There is light at the end of the beef tunnel, according to Bord Bía at today’s Beef 2014 event at Teagasc Grange.

“Supply and demand are the factors determining farmgate prices at the present time,” Bord Bía’s Joe Burke told Agriland. “The total cattle kill in Ireland is currently averaging 30,000 head per week. That’s between 4 and 5 thousand ahead of the equivalent figure this time last year. And it looks like the numbers of animals presented for slaughter will remain reasonably high over the coming weeks.

“But beyond that the scale of the cattle kill may well reduce, bringing supply more in line with demand.”

Joe Burke continued: “The reality is that beef consumption has dropped by the equivalent of half a million tonnes per year across Europe since 2009. At the present time, we are also seeing increased beef supply coming to the market in countries such as Germany and the UK. And all these factors must be considered when it comes to determining the farm gate prices for beef that are made available in Ireland.”
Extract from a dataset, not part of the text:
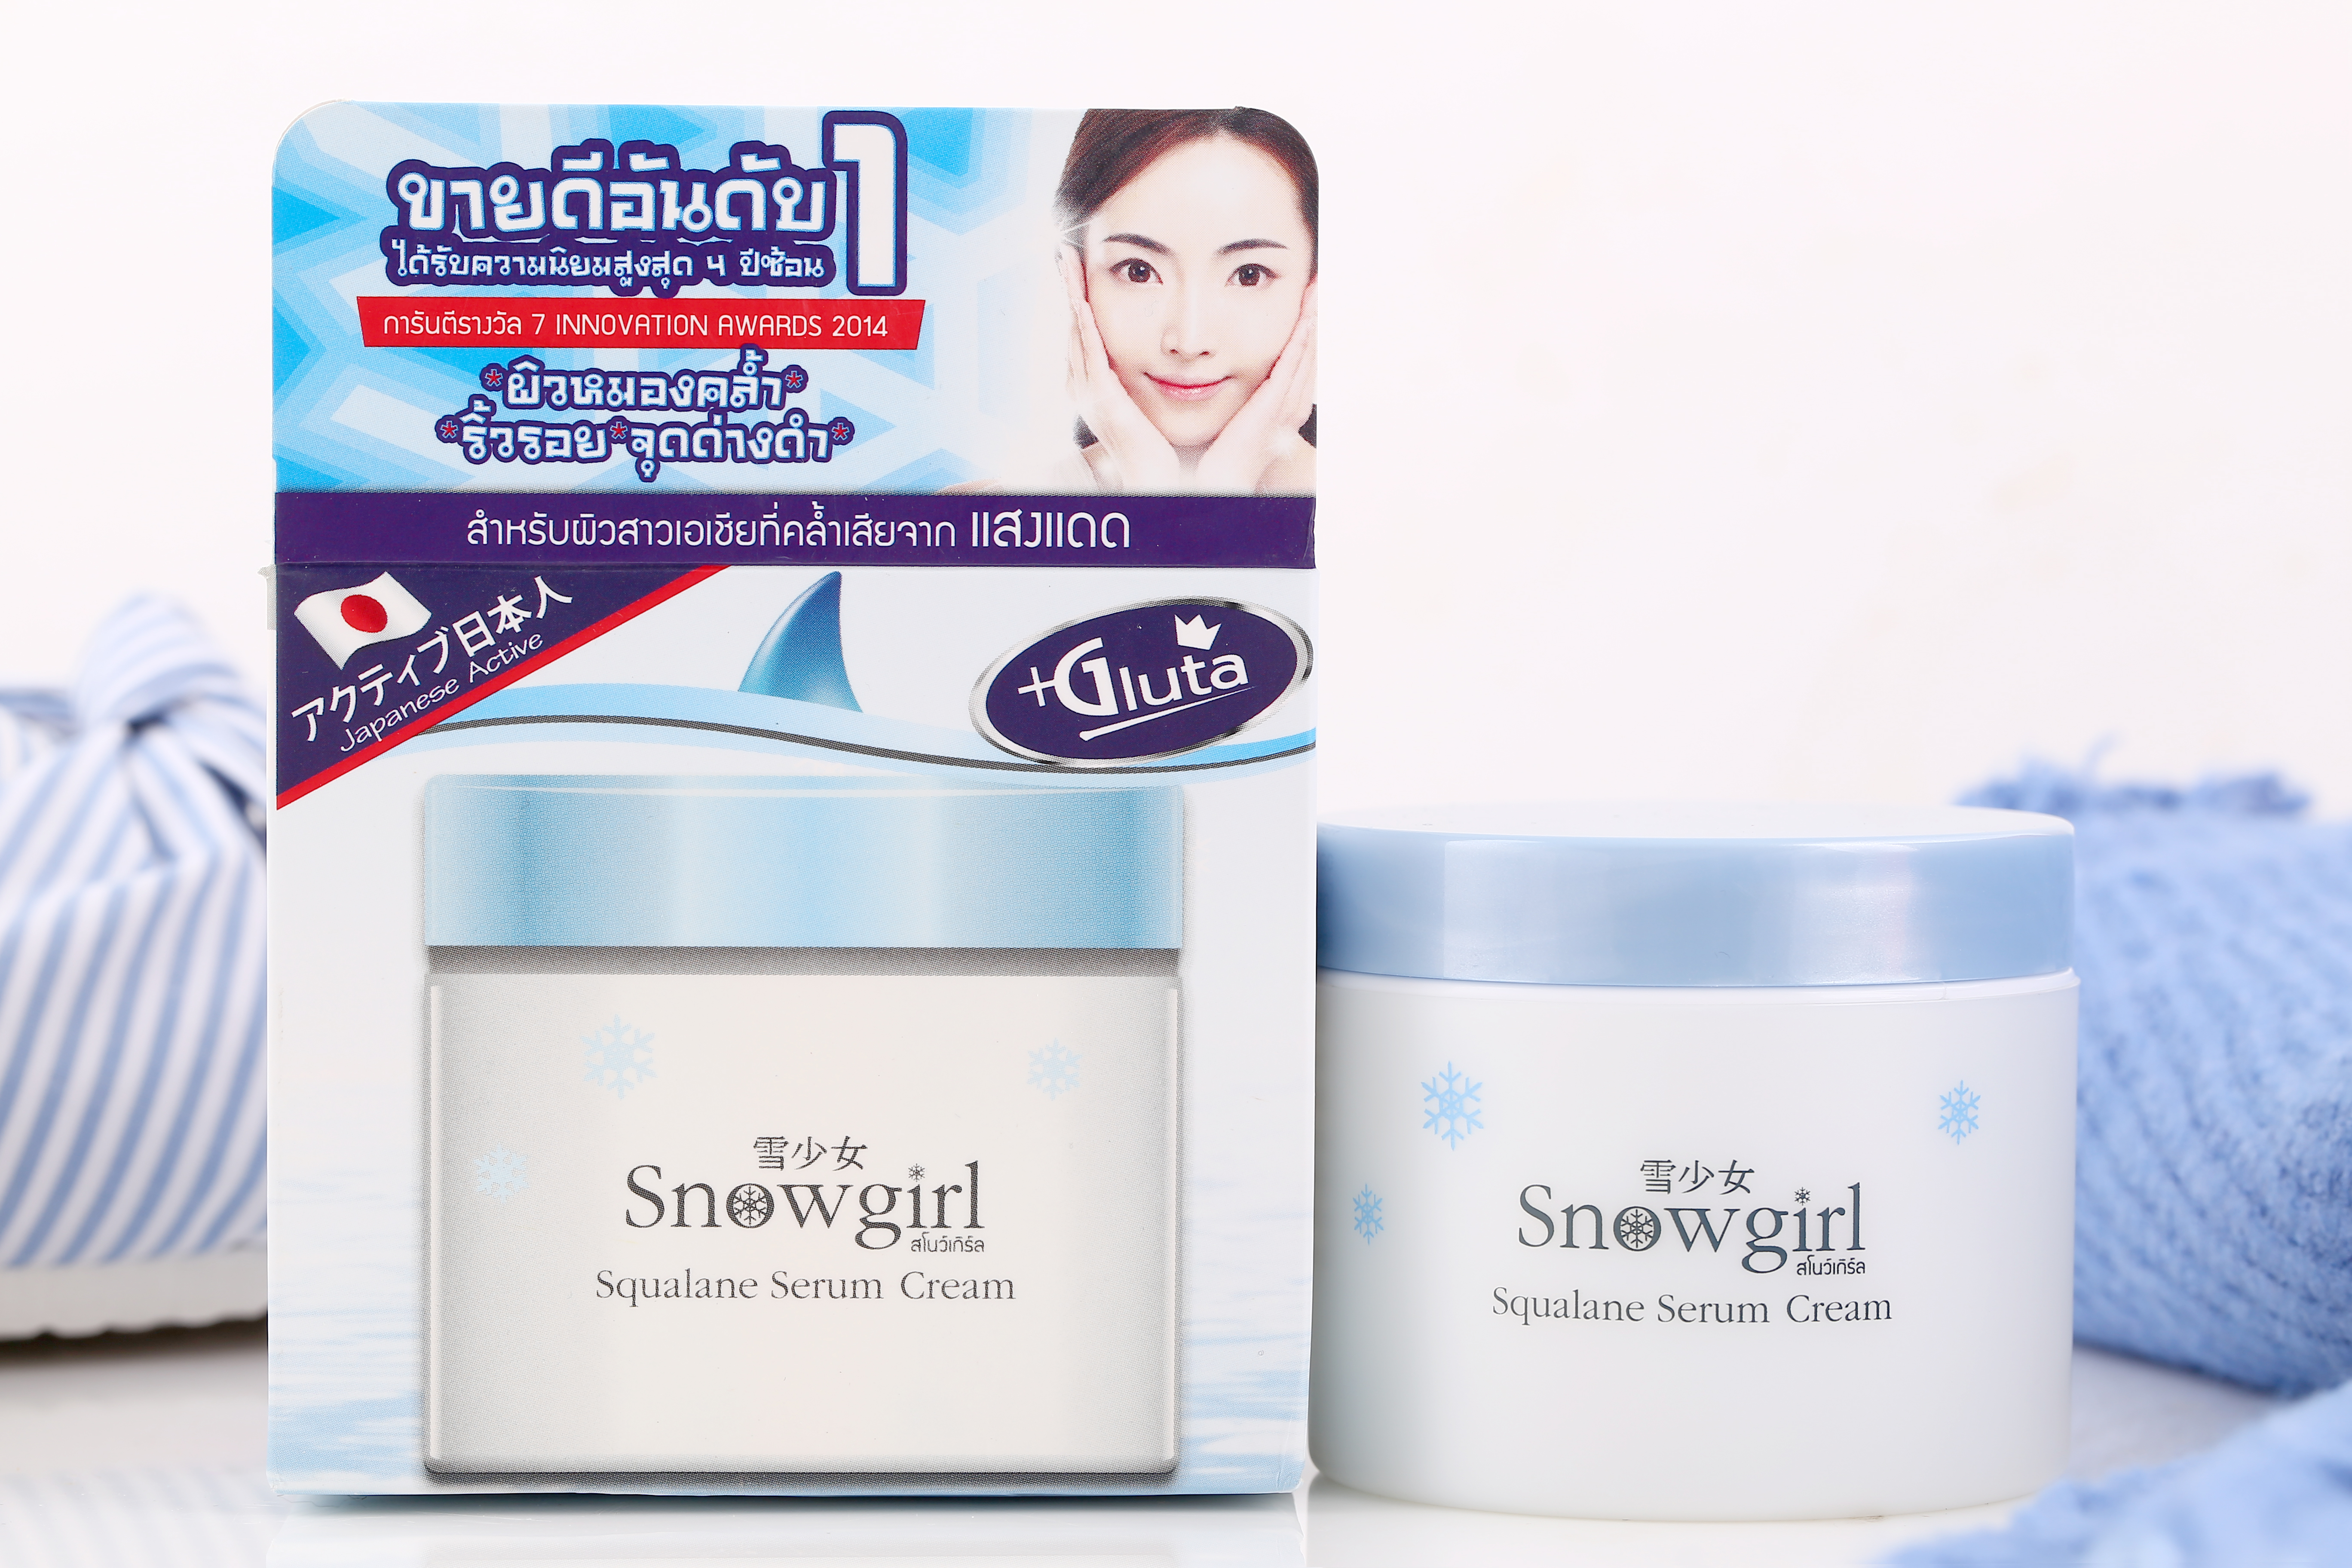 Snowgirl Squalane serum cream 100g.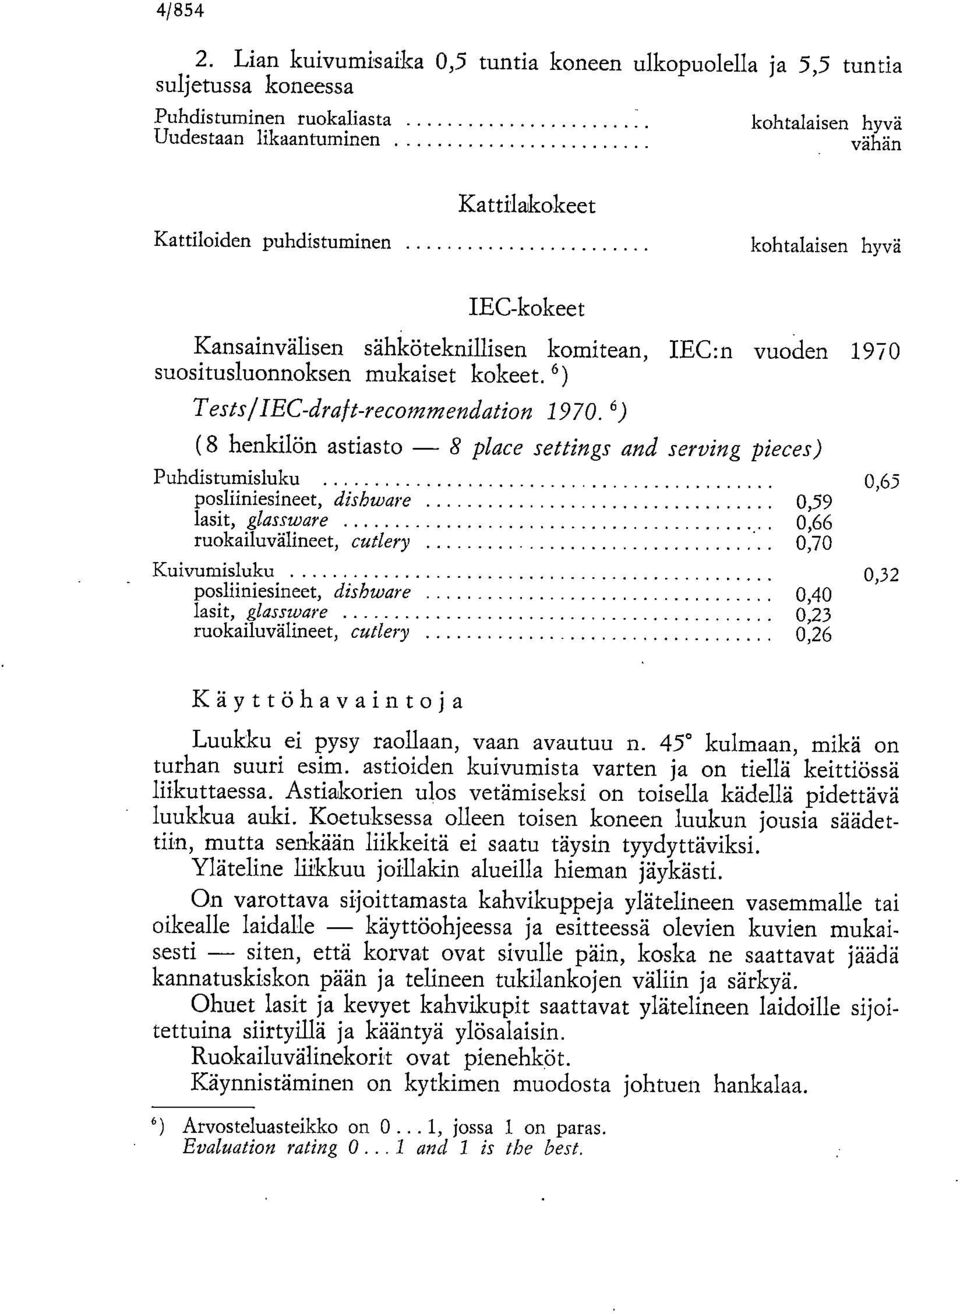 kohtalaisen hyvä IEC-kokeet Kansainvälisen sähköteknillisen komitean, IEC:n vuoden 1970 suositusluonnoksen mukaiset kokeet. 6) Tests IIEC-draft-recommendation 1970.

The Bord Bía representative went on to point out that as Europe comes out of recession, income levels will increase. “This may well lead to an increase in the amount of beef actually eaten and the price which consumers are prepared to pay for it,” he stressed

Joe Burke also believes that the growing demand for certified Angus and Hereford beef can be sustained. “Last year 250,000 Angus calves were registered in Ireland. The equivalent figure for Herefords was 150,000,” he commented.

“And there is little doubt that these numbers will increase over the coming years. It is also significant that Teagasc has signalled its intention to search the role for native breeds within Ireland’s beef production chain.

“Our role at Beef 2014 is to tell farmers how they can best maximise the returns they get from the marketplace with the cattle they are producing.”